Clustering & High Availability

KalamDB uses a Multi-Raft architecture to scale reads, writes, and subscriptions across nodes while keeping data strongly replicated per shard.

How the Cluster Is Structured

KalamDB does not run a single Raft group for everything. It runs multiple groups:

Meta: cluster/system metadata
DataUserShard(N): user-data shards
DataSharedShard(N): shared-data shards

Each group has its own leader and followers. This means leadership is distributed across the cluster, not centralized to a single node for all workloads.

Sharding is handled by a router that hashes user/table identifiers to shard groups, so users are naturally distributed across shards. This is how KalamDB scales tenant load and isolates shard-level hotspots.

A single node participates in multiple Raft groups simultaneously. One node is not limited to one group; instead, each node can be a leader for some groups and a follower for others at the same time.

Multi-Raft Cluster Diagram

How to read this diagram

The cluster has multiple Raft groups, not one.
Each group such as Meta, DataUserShard(N), or DataSharedShard(N) runs its own Raft consensus.
Each group has one leader that handles writes and followers that replicate data and can serve follower-side access patterns.
A single node participates in many groups at once, which is why Node 1, Node 2, and Node 3 appear repeatedly across the diagram.

Example:

DataUserShard(7) has its leader on Node 2.
DataUserShard(12) has its leader on Node 3.

So:

load is spread across nodes
there is no single leader bottleneck
multiple writes can happen in parallel across different groups

Why this matters

Instead of one cluster having one leader and turning that leader into a bottleneck, one cluster has many leaders, one per active Raft group.

That is the core scaling property of Multi-Raft in KalamDB.

Tiny mental model


user-1  -> shard 7  -> leader on Node 2
user-2  -> shard 12 -> leader on Node 3
user-3  -> shard 7  -> leader on Node 2

So:

the same user stays on the same shard for consistent writes
different users can land on different leaders for parallel scaling

High Concurrent Connection Model

KalamDB accepts WebSocket clients on any node and manages them in a lock-free connection registry:

ConnectionsManager uses DashMap indexes for fast concurrent connection/subscription access.
Connection lifecycle, authentication timeout, heartbeat timeout, and subscription routing are all centralized there.
The default concurrent connection guard is high (10,000), with configurable limits.
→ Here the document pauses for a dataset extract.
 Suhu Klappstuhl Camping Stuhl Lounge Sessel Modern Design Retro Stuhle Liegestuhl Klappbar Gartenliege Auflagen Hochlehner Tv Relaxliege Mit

This allows high fan-in of realtime clients while keeping routing overhead low.

Leader/Follower Access Pattern

Clients can connect to either leader or follower nodes.

Reads/subscription bootstrap can be served on the node the client is connected to.
Writes are always leader-authoritative per Raft group.
If a request lands on a follower for a write path, KalamDB forwards it to the current leader.
If leadership changed mid-request, typed NotLeader handling retries through the known leader.
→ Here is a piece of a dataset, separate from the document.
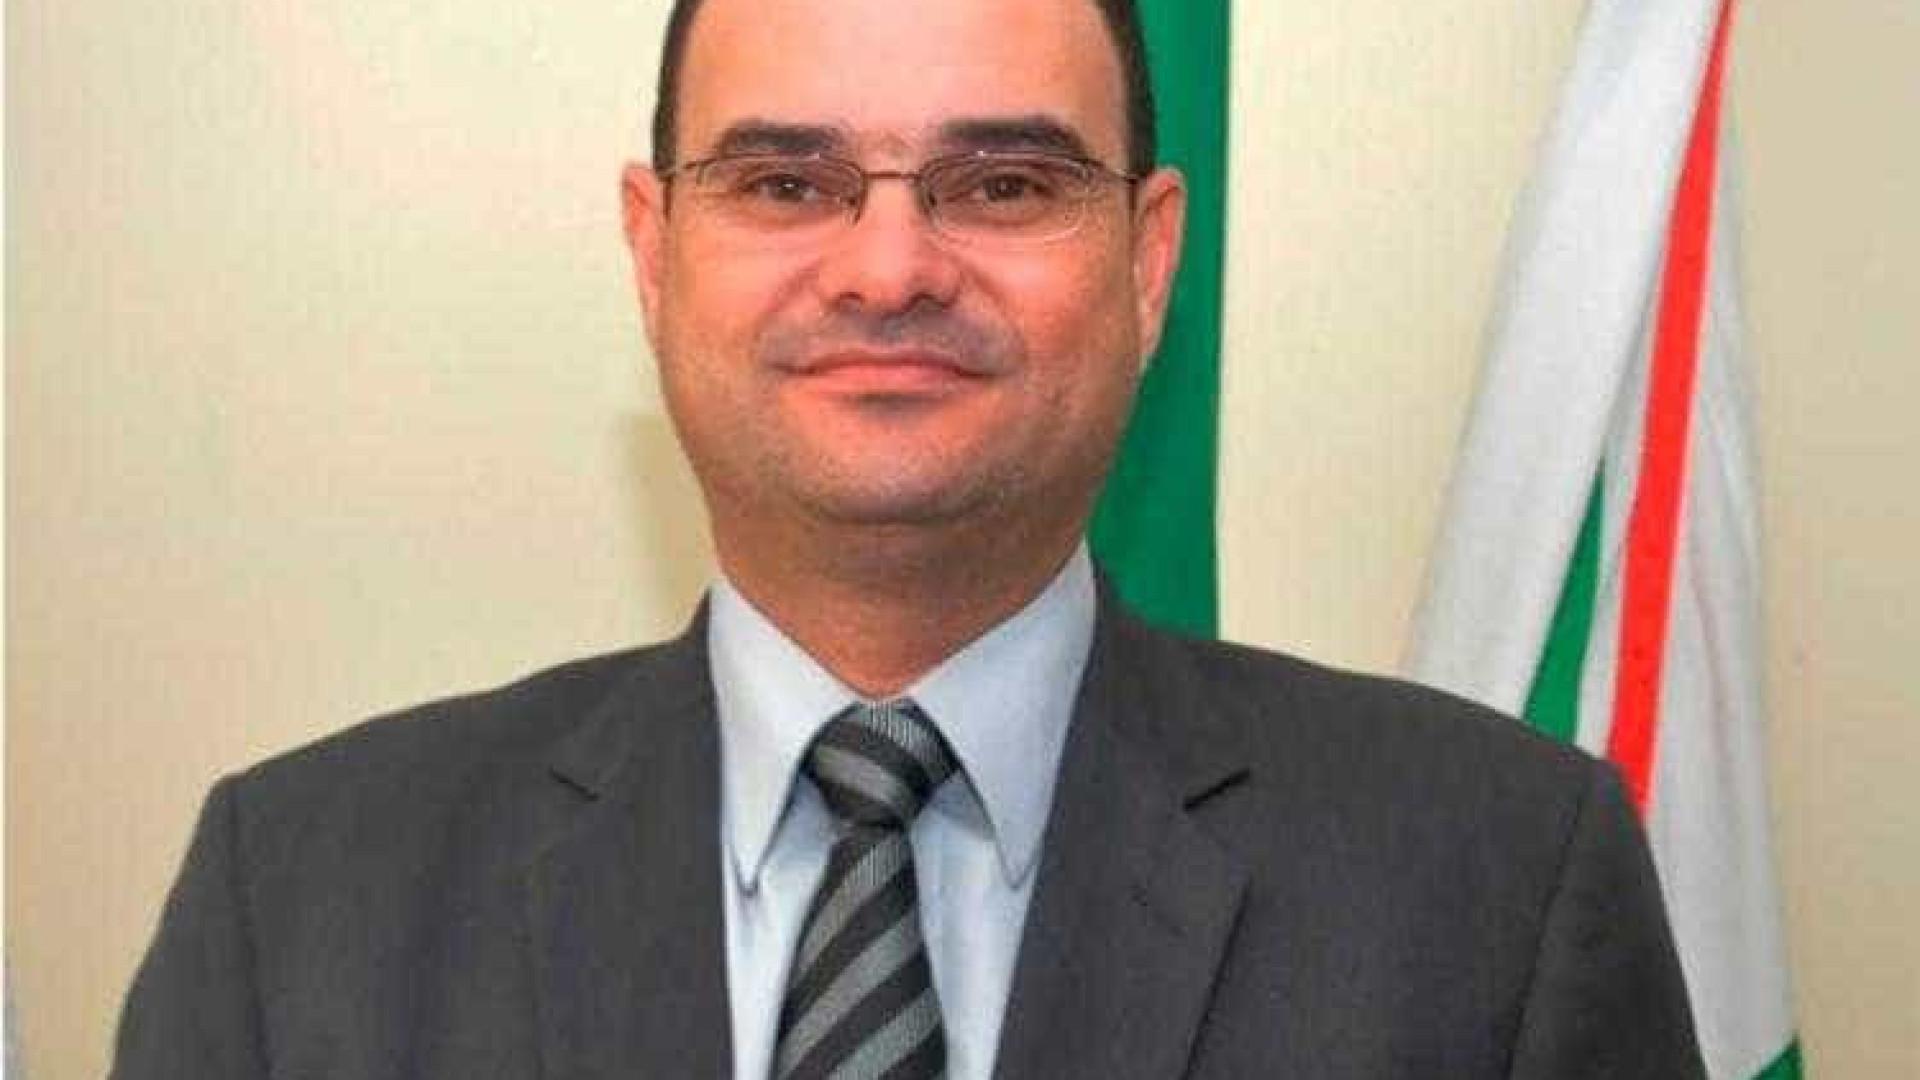 Presidente da Câmara de Feira de Santana (BA) morre aos 42 anos

This gives you flexible client routing without sacrificing consistency for writes.

Notification Forwarding Across Nodes

Live subscribers do not need to be connected to the leader node for their shard.

When data changes:

The shard leader processes the change notification.
The leader broadcasts forwarded notifications to follower nodes over cluster RPC.
Each follower dispatches to subscriptions connected locally on that follower.

This is the key reason you can attach users to any node and still receive correct realtime updates for their shard data.

Sharding + HA in Practice

KalamDB shards users across multiple Raft data groups. Each shard group has its own:

leader election
replication log
follower set
failover boundary

Operationally, this gives you:

better parallelism (many active leaders across groups)
shard-level fault isolation
horizontal scaling by increasing cluster nodes and shard count
high availability from follower replicas per shard

When a node fails, Raft elects new leaders for affected groups and clients can reconnect to any healthy node.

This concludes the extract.